Evolution toward this approach is similar to the movement toward designing in quality, which occurred a couple of decades ago.
PART 3: MOTIVATING BUSINESS LEADERS TO TACKLE SECURITY PROACTIVELY
How Information Sharing Can Help
What has gone right in those organizations that view security as part of the business process?
- Agility and open-mindedness may play a role.
- Or, a security incident such as a virus or crash can jolt an organization into awareness and change.
- One way to spark change without a disaster happening beforehand is for businesses to share information with each other.
Sharing information about security incidents can be difficult, because organizations may fear that their rivals will gain a competitive advantage by using any information provided (for example, to badmouth the organization that revealed information).
Anonymous information sharing might be one solution.
The data breach notification laws passed by many U.S. states since 2003 have helped. By mandating some level of breach disclosure, they created a market incentive for companies to do better in their security efforts.
Future Developments in the Security Landscape
In the future:
- Businesses likely will become:
- Even more dependent on the information infrastructure
- More integrated with each other
- The few businesses that still communicate with their supply chains via phone or fax probably will no longer do so.
- Business managers will have to become much more attuned to the information security landscape.
- Instead of protecting against specific vulnerabilities, business leaders will need to shift to protecting against unwanted outcomes – in other words, building business resilience.

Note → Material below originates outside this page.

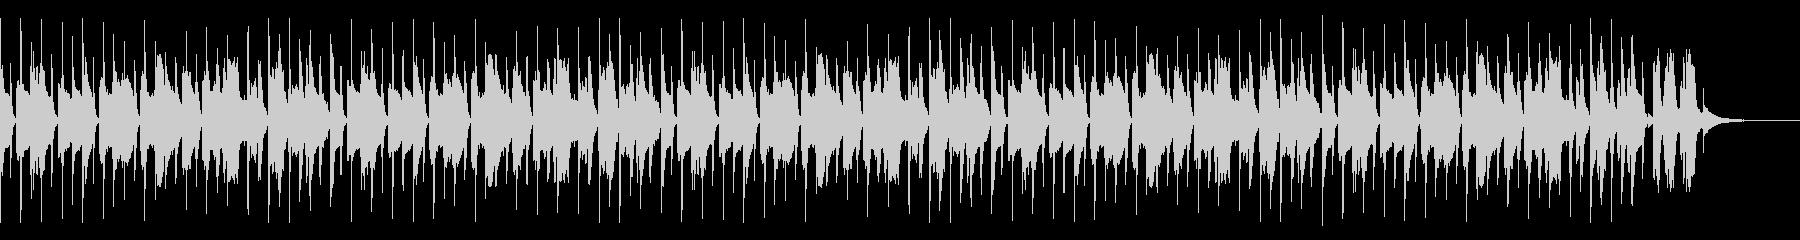 かわいいパズルBGM(ハイスピード)の未再生の波形

Adapting to the New Environment
In this new environment, how can security managers better prepare to talk to business leaders?
- Become very involved in the business. Specifically, place people as relationship managers within business units to learn what risks the organization is exposed to when using particular technologies
- Based on that information, talk with business leaders about risks to and resiliency of existing business processes, and ensure that new business processes are managed effectively from a risk standpoint.